# When is an integral not an integral?

No surprise to anyone really that students get confused by the difference between definite and indefinite integrals. The so-called indefinite integral is not really an integral at all, not in the sense of area: it’s the solution set to a differential equation. It’s not even usually a single function at all, but a whole family of functions.

To imagine that $\int x^2 dx$ defines a single thing – a function $g(x)$ for which $\frac{dg(x)}{dx}=x^2$  – is to miss the important point that this differential equation has a whole family of solutions: $\frac{1}{3}x^3+c$, a  solution for each real number $c \in \mathbb{R}$:

So, $\int x^2 dx = \{\frac{1}{3}x^3+c \vert c \in \mathbb{R}\}$, NOT $\int x^2 dx =\frac{1}{3}x^3+c$ as is commonly written.

The villain who engendered this confusion was none other than the great Gottfried Wilhelm Leibniz a co-discover/inventor of calculus along with Isaac Newton.

Wait!
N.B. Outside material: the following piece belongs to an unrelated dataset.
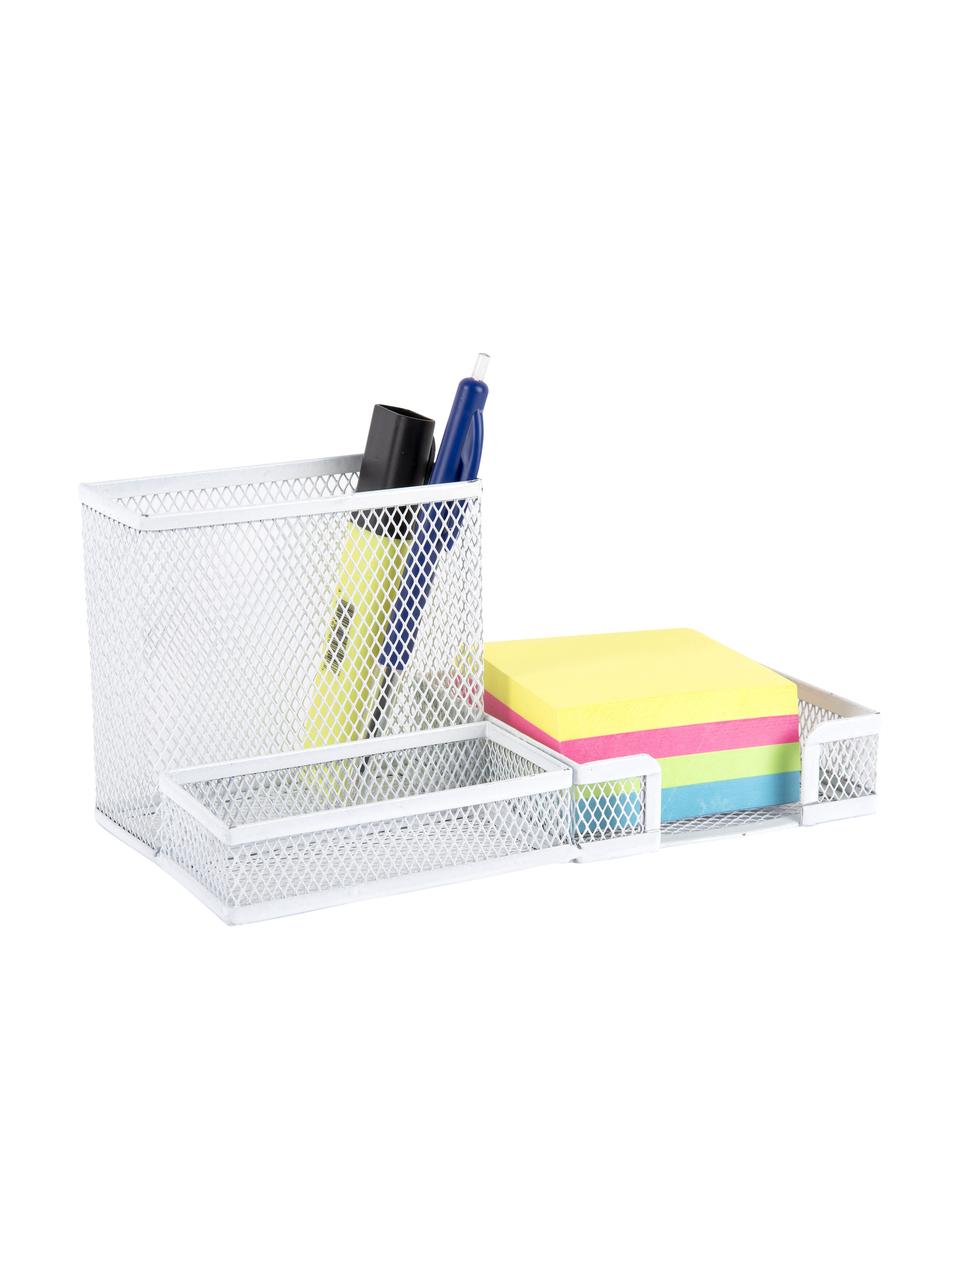 Büro-Organizer Essentials in Weiß, Metall, beschichtet, Weiß, B 22 x T 10 cm

I hear you say, isn’t this just pedantry? Does it really matter if we write $\int x^2 dx$ as $\frac{1}{3}x^3+c$ or as the fashionable set-theoretic $\{\frac{1}{3}x^3+c \vert c \in \mathbb{R}\}$ ?

Well yes, it does. Think about how you might resolve the following apparent conundrum:

$\int\frac{1}{x}dx=\int 1\times\frac{1}{x}dx=x\frac{1}{x}+\int x\times\frac{1}{x^2}dx=1+\int \frac{1}{x} dx$ so $0=1$ !!

This is nonsense, of course, because the algebraic calculation proceeds as if $\int\frac{1}{x}dx$ is a well-defined function, which it is not: it is a family of functions (even worse – defined over a disconnected domain).

Students of mathematics need to learn how to think, not carry out mindless calculations as if they were performing monkeys.

This is an important psychological point: students are used to writing $\int x^2dx=\frac{1}{3}x^3+c$ as a conditioned response, functioning at a symbolic level equivalent to that almost of a dog or a cat (“sit, Fido”, “Here’s food, puss.”), whereas to gain mathematical power and flexibly they need to be functioning at a much higher symbolic level, utilizing a far richer collection of symbolic reference.

2. If we agree that C denotes the additive group of constant functions, then $\frac{1}{3}x^3+C$ is a coset. This is similar to how we formalize big-O notation. In your example, $0+C=1+C$ would not be a contradiction.